Midland Energy Resources, Inc is a international energy company. It has broad range of products and services, such as refining, oil & gas exploration, and petrochemicals. Janet Mortensen is Senior Vice president of project finance. She is asked to justify weighted average cost of capital for the company and its three major divisions. Tax rate is 39.72% (average from Exhibit 1)in this case.

Mortensen’s method has been used for Midland cost of capital analysis for since 2002. For overseas investment, the cost of capital analyse based on converted foreign cash flows. For value adding project, discounted cash flow of project is used to calculate cost of capital. For approaching optimal capital structure, Midland conducts borrowing cost based on its inherent cost, and Debt ratio is one of major measurement. Lastly for M&A proposals, management uses DCF techniques to determine value of the company.

Midland may not able to use single corporate hurdle rate, because its three major division require different risk profiles based on their nature of business. Same hurdle rate may take unexpected risk for one division, or miss a high return low risk project for another division. For example, M&A division may need adjust its WACC and including higher risk premium, due to financial leverage. Exploration and Production division may require lower WACC compare with M&A, because of certain long-lived assets and stable cash flows.
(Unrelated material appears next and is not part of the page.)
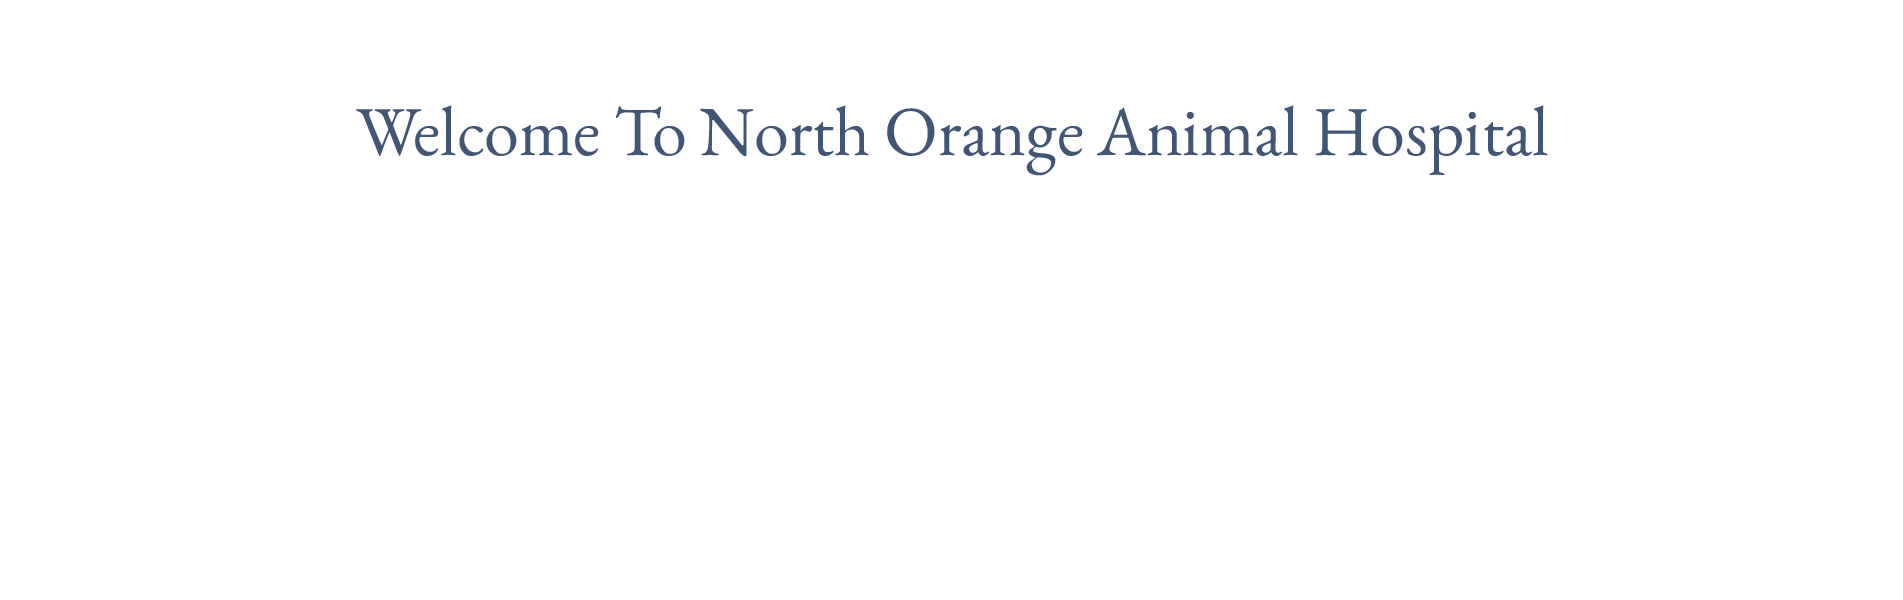 Welcome To North Orange Animal Hospital

To get Cost of Capital for Midland’s Corporate, I made some assumptions:

  • Corporate tax rate is 39.72% (From Exhibit 1, average 2004-2006)
  • Cost of debt based on 10 year U.S Treasury Bond 4.66% plus 1.62% (Table 1 spread) for long term purpose, because of Midland business is energy corporation, its borrowing collateral mainly based on energy resource and long-lived asset. 30 year bond is just too long for a business future perspective

Cost of Equity

From Exhibit 5, we get Levered Beta is 1.25% and D/E is 59.3%. According to equation between Levered Beat and Unlevered Beta, Unlevered Beta is 0.92. From Table 1, we know Equity/Value is 57.8% (1-42.2%), so D/E is 73% in this case. New equity beta is 0.92*(1+(1-0.3972))*0.73=1.33. So Cost of Equity is 4.66%+1.33*(5%)=11.31%

WACC for Midland is ((1-39.72%)*6.28%*42.2%)+(11.31%*57.8%)=8.13%

There are two reasons Midland Corporation cannot use single company hurdle rate. One reason is divisions have different risk profiles, the other reason is Midland’s target D/R is varies across divisions that would change cost of capital for division level.